Niska samoocena – skąd się bierze i jak sobie z nią radzić?

Niska samoocena – skąd się bierze i jak sobie z nią radzić?

Niska samoocena to problem, który doskwiera coraz szerszemu gronu osób. Wbrew pozorom każdy może z jego powodu cierpieć – zarówno nastolatek, jak i dorosły, nisko opłacany pracownik, jak i prezes wielkiej korporacji. Lekceważenie objawów i zaniechanie leczenia sprawi, że znacznie pogorszy się jakość naszego życia, dlatego też zdecydowanie warto zawczasu poszerzyć swoją wiedzę na ten temat i zareagować. Wobec tego co to jest samoocena, jakie są przyczyny niskiej samooceny i jak ją leczyć?

Co to jest samoocena?

Zanim pochylimy się nad kwestią niskiej samooceny, warto dokładnie określić, czym właściwie jest samoocena. Nie bez powodu bowiem tak wiele osób wyszukuje frazy „samoocena definicja” czy „samoocena psychologia”. Termin ten co prawda może wydawać się dość intuicyjny, ale, jsk to bywa często w psychologii, sprawa jest bardziej skomplikowana niż może się na pierwszy rzut oka wydawać. Więc co to jest samoocena?

Samoocena to, jak wskazuje już sama nazwa, sposób, w jaki sami siebie postrzegamy i oceniamy. Czy wydaje nam się, że jesteśmy utalentowani, sympatyczni, przyjaźni, czy może wydaje nam się, że jesteśmy nieatrakcyjni, nudni, mało zabawni? Samoocena nigdy nie będzie do końca obiektywna, z racji, że z jednej strony znamy siebie samych lepiej niż zna nas ktokolwiek inny, a z drugiej – fakt, że sprawa dotyczy nas samych, często zaburza naszą perspektywę. Na przykład wyolbrzymiamy swoje wady, które innym osobom nie przeszkadzają lub nawet nie są one przez nie zauważane, a minimalizujemy zalety i zasługi.

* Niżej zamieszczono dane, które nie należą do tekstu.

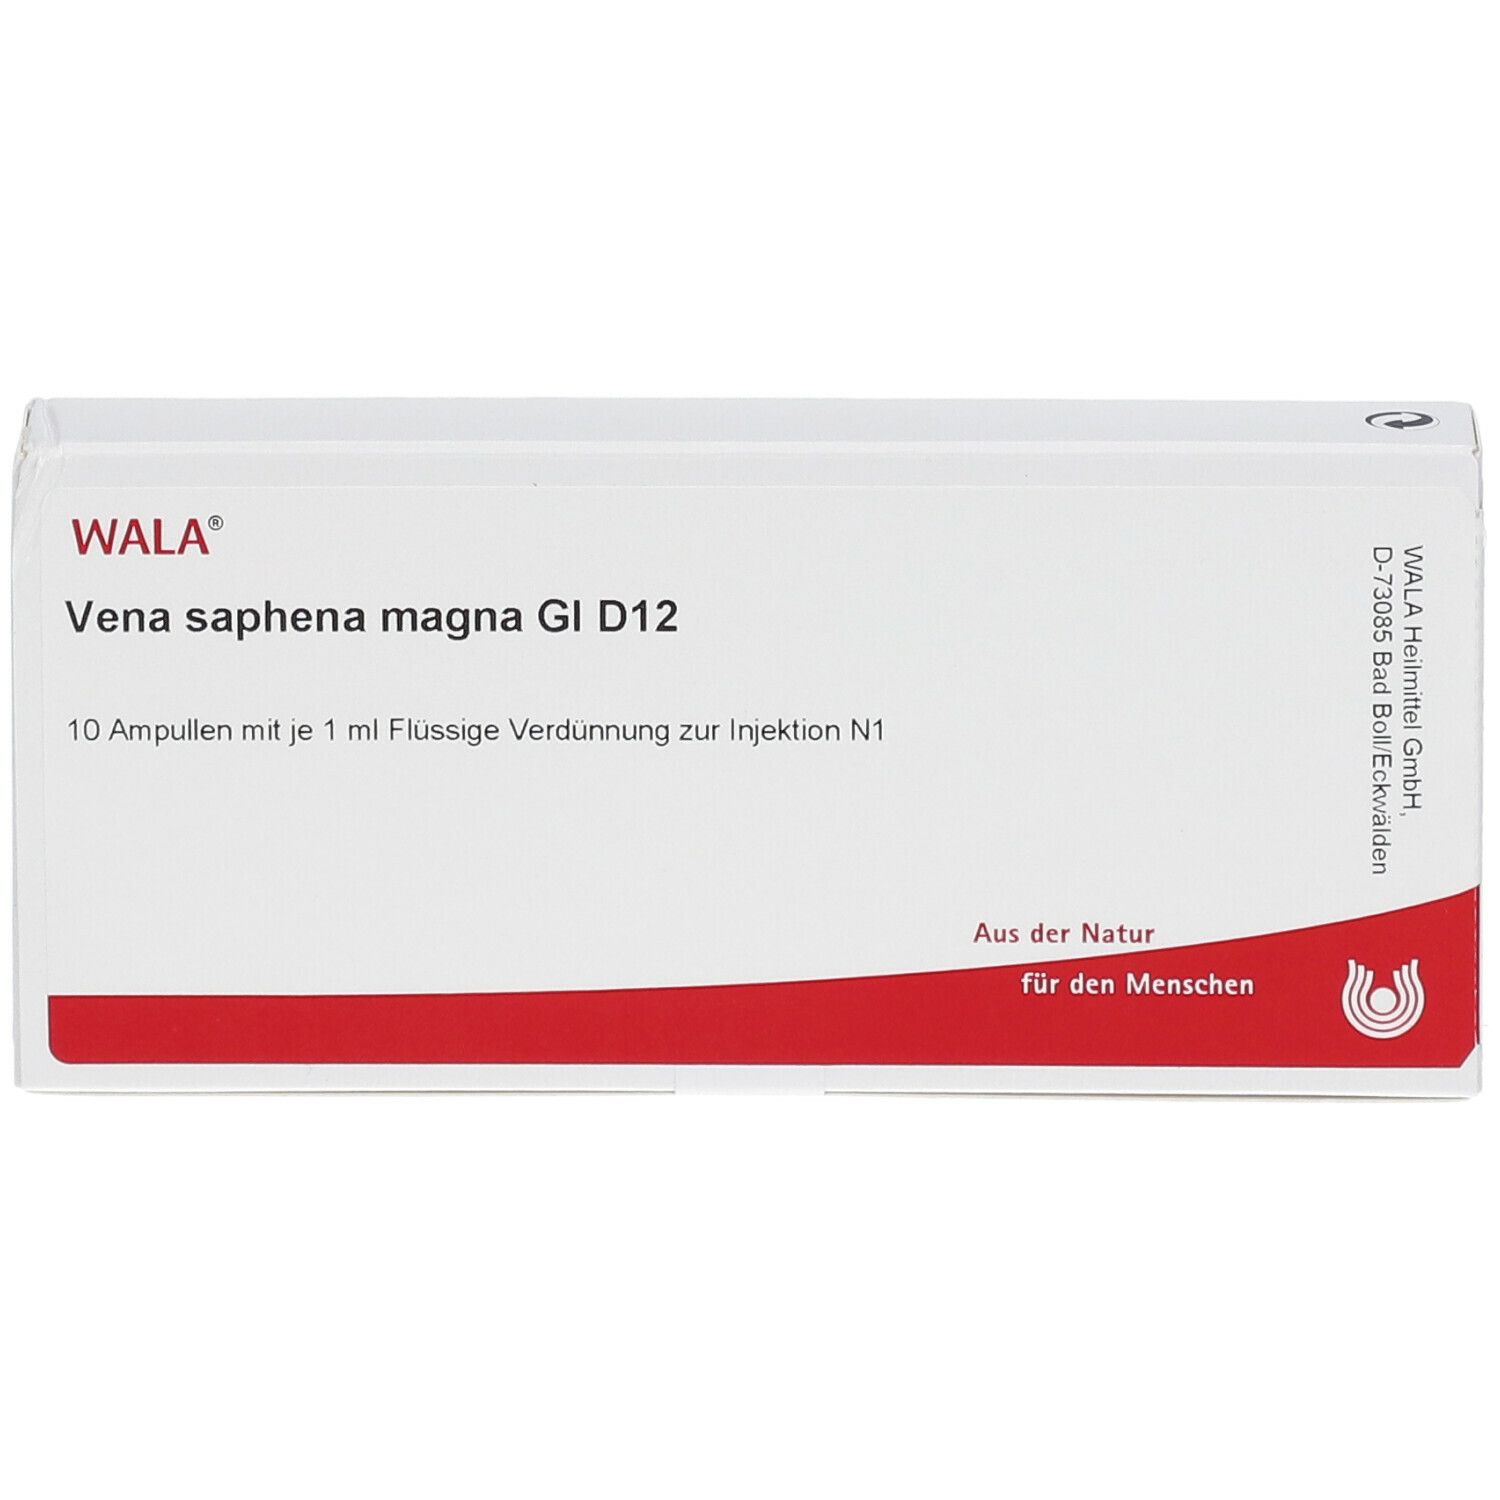 WALA® Vena saphena magna Gl D 12

O zaburzeniach samooceny możemy mówić, kiedy w jasny sposób dochodzi do odchylenia od normy. Nie ma ludzi idealnych, nie ma też (a przynajmniej rzadko się zdarzają) ludzi okropnych do szpiku kości. Zdrowa samoocena powinna leżeć gdzieś w środku – wymaga wiedzy na temat swoich wad i pracy nad nimi, a także kultywowania swoich zalet.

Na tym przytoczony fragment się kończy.